Erstens weist die Banddispersion von zwei prototypischen Perowskit-Einkristallen eine starke Dispersion des jeweiligen oberen Valenzbandes (VB) auf, dessen globales Maximum in beiden Fällen am R-Punkt in der Brillouin-Zone liegt. Dabei wird eine effektive Lochmasse von 0.25 m0 für CH3NH3PbBr3, bzw. von ~0.50 m0 für CH3NH3PbI3 bestimmt. Basierend auf diesen Ergebnissen werden die elektronischen Spektren von polykristallinen Dünnschichten konstruiert und es wird dadurch aufgezeigt, dass eine Bestimmung der Valenzbandkantenposition ausgehend von einer logarithmischen Intensitätsskala aufgrund von geringer Zustandsdichte am VB Maximum vorzuziehen ist.
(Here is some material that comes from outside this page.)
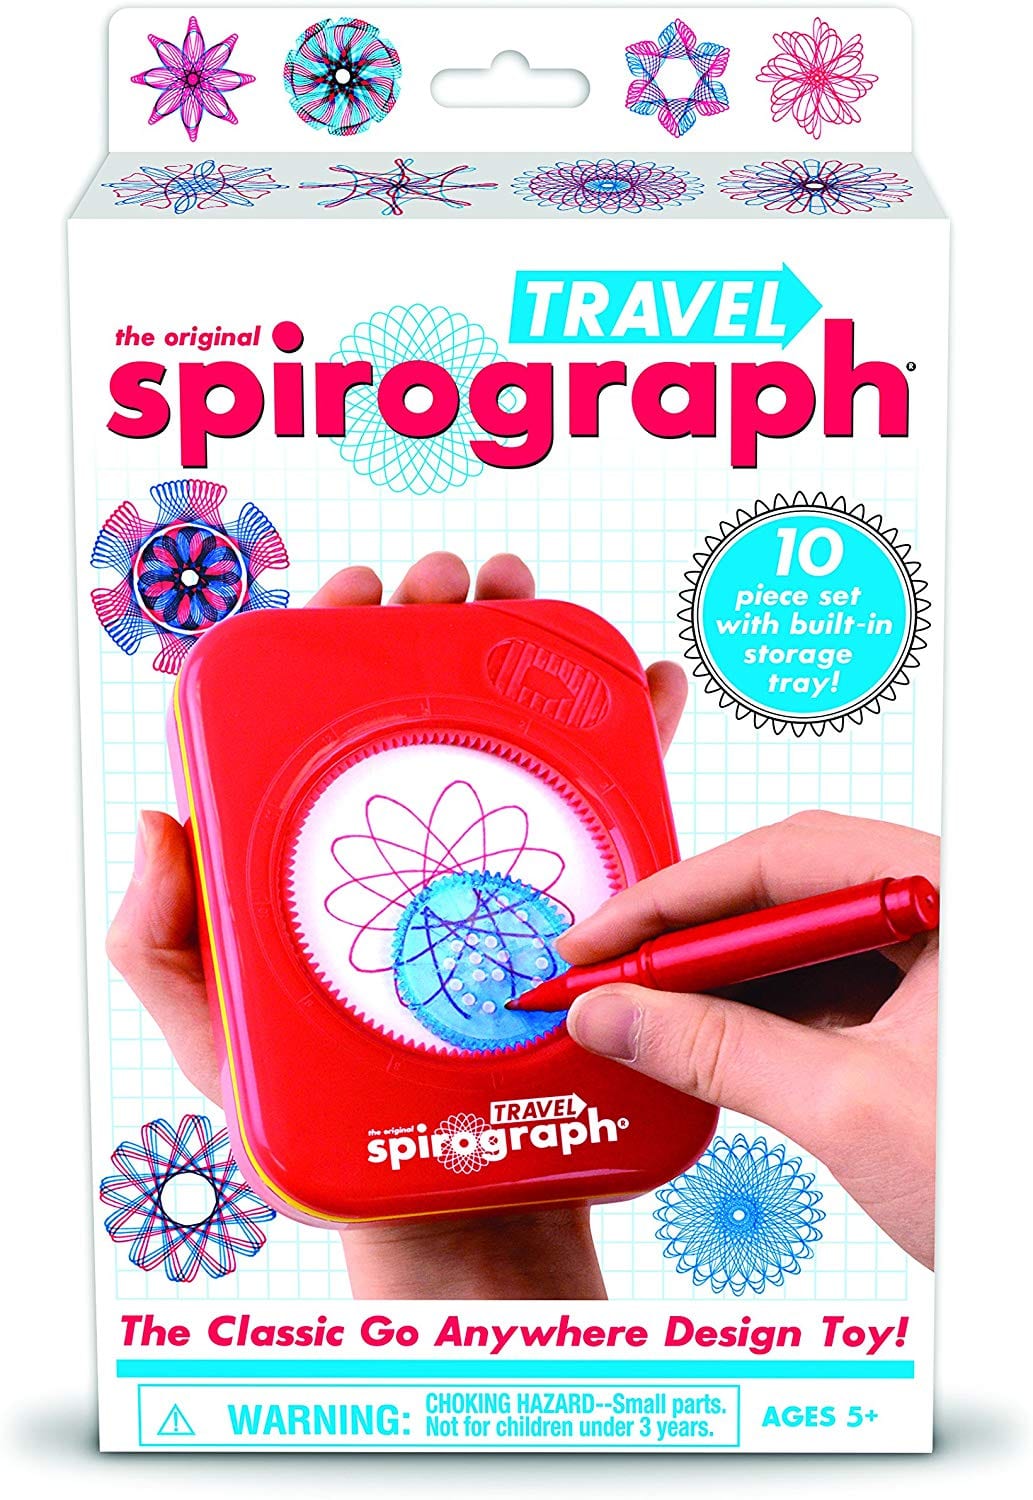 Travel Spirograph

Zweitens stellt sich bei der Untersuchung der elektronischen Struktur von frisch präparierten Perowskit-Oberflächen heraus, dass die n-Typ Eigenschaft eine Folge der Bandverbiegung ist, welche durch donatorartige Oberflächenzustände hervorgerufen wird. Des Weiteren weisen die PES-Messungen an Perowskiten mit unterschiedlichen Zusammensetzungen aufgrund von Oberflächenphotospannung eine Anregungslichtintensitätsabhängigkeit der Energieniveaus von bis zu 0.7 eV auf. Darüber hinaus wird die Kontrolle von ELA durch gezielte Variation der Oberflächenzustandsdichte gezeigt, wodurch sich unterschiedliche ELA-Lagen (mit Abweichungen von über 0.5 eV) an den Grenzflächen mit organischen Akzeptormolekülen erklären lassen. Die vorliegenden Ergebnisse verhelfen dazu, die starke Abweichung der in der Literatur berichteten Energieniveaus zu erklären und somit ein verfeinertes Verständnis des Funktionsprinzips von perowskit-basierten Bauteilen zu erlangen. / Optoelectronic devices based on halide perovskites (HaPs) and possessing remarkably high performance have been reported. To push the development of such devices even further, a comprehensive and reliable understanding of their electronic structure, including the energy level alignment (ELA) at HaPs interfaces, is essential but presently not available. In an attempt to get a deep insight into the electronic properties of HaPs and the related interfaces, the work presented in this thesis investigates i) the fundamental band structure of perovskite single crystals, in order to establish solid foundations for a better understanding the electronic properties of polycrystalline thin films and ii) the effects of surface states on the surface electronic structure and their role in controlling the ELA at HaPs interfaces. The characterization is mostly performed using photoelectron spectroscopy, together with complementary techniques including low-energy electron diffraction, UV-vis absorption spectroscopy, atomic force microscopy and Kelvin probe measurements.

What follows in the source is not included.